EN FAIRE LE MOINS POSSIBLE.

Lorsque je demande à un élève d’en faire le moins possible, je me dois de lui expliquer qu’ il peut répondre à cette demande de diverses manières.

Reprenons quelques points importants concernant les aides :

Premier point : selon les exercices, les actions du cavalier nécessitent des associations d’aides plus ou moins complexes.

Second point : selon la réactivité du cheval au moment de la demande du cavalier, le dosage des aides peut varier.

Partant de ces deux concidérations, le cavalier doit chercher à en faire le moins possible.

Par rapport au premier point, et contrairement à ce que dit l’adage bien connu de tous : « Qui peut le plus, peut le moins », quelle que soit la complexité d’association des aides, il s’agit de n’utiliser que les aides strictement nécessaires à l’action voulue. En effet, et si l’on prend l’exemple d’une épaule en dedans, combien voit-on de cavaliers mettre en place un maximum d’aides, et sans trop de discernement il faut bien le reconnaître, dans l’espoir d’obtenir ne serait-ce qu’un semblant d’épaule en dedans.

Et bien ça ne fonctionne pas ainsi, et cela n’engendre en général que désordre et perturbation chez le cheval qui n’y comprend pas grand chose.

Trop d’informations tuent l’information. Mieux vaut bien utiliser une aide, plutôt que deux,  de manière inappropriée.

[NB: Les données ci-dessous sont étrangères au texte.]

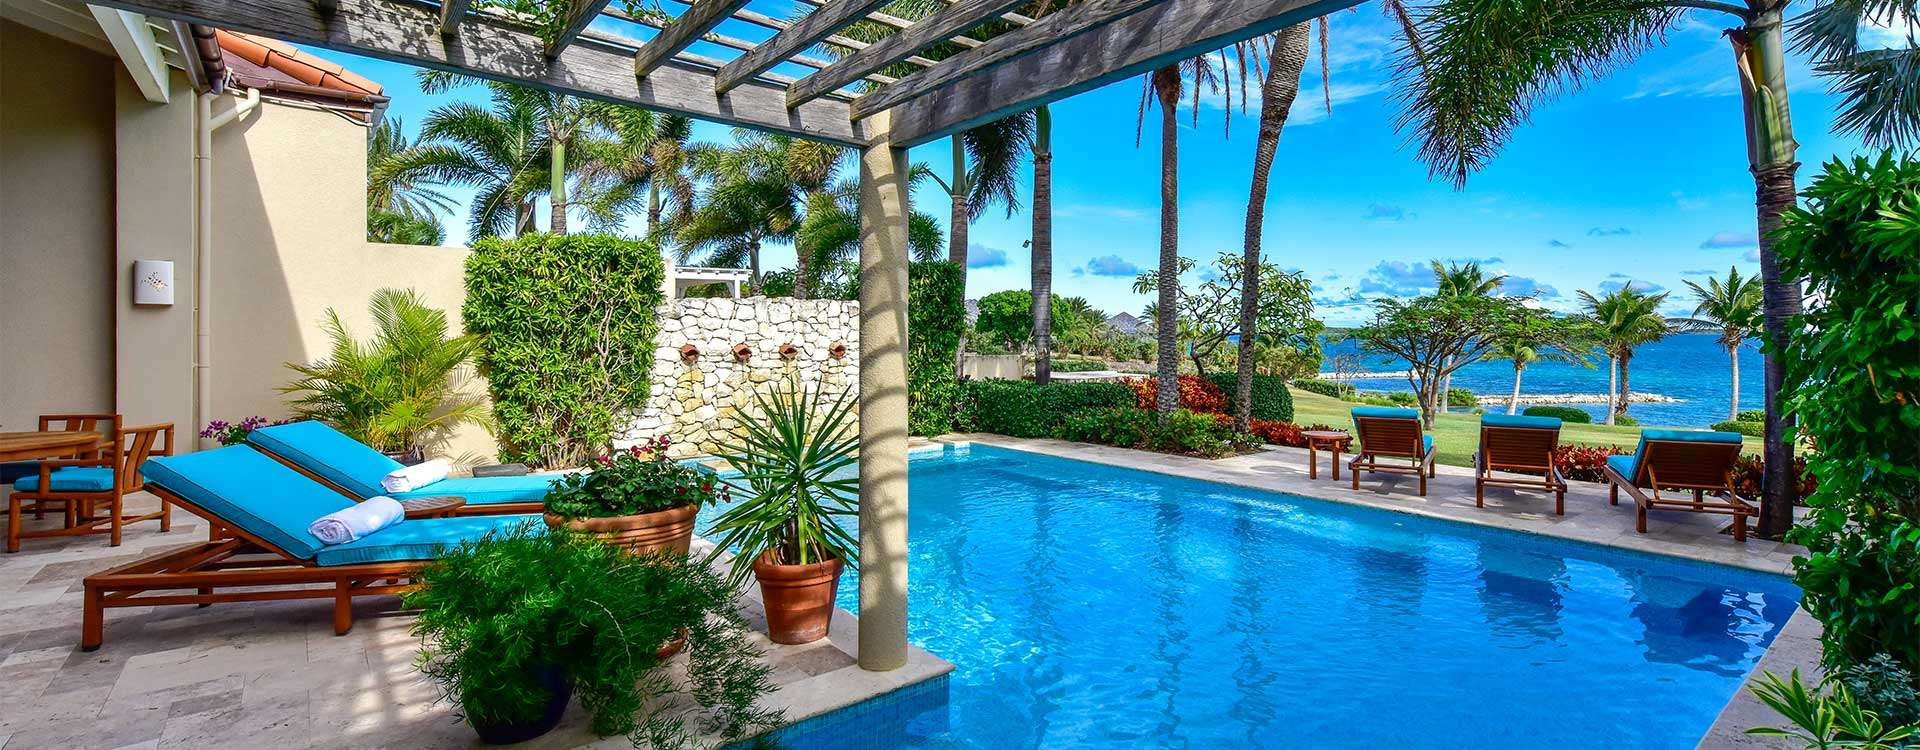 Luxury villa rentals caribbean - Antigua - Jumby bay island - No location 4 - Banyan - Image 1/6

 Par rapport au second point, même si l’on sait que le cheval que l’on monte a une faible réactivité, il faut toujours chercher à commencer par une action la plus faiblement dosée, donc là encore en faire d’abord le moins possible, ceci pour abaisser le seuil de réponse de l’animal. En effet, si l’on agit « fort » de suite, on ne donne aucune chance au cheval d’apprendre à répondre un jour à des aides fines et délicates, pour la simple raison qu’elles sont inexistantes. De plus, le cavalier perd autant d’occasions d’apprendre à travailler dans la décontraction.

Par contre il est bien évident qui si l’on doit augmenter l’intensité de l’action, on peut le faire, mais en prenant garde de ne contracter que les seuls muscles nécessaires à la réalisation de cette action.

Si d’autres groupes musculaires se contractent inutilement, c’est autant d’informations parasites reçues par le cheval, et qui risquent de rendre l’action initiale incohérente. 

Augmenter l’intensité d’une action, ne doit pas en modifier la qualité.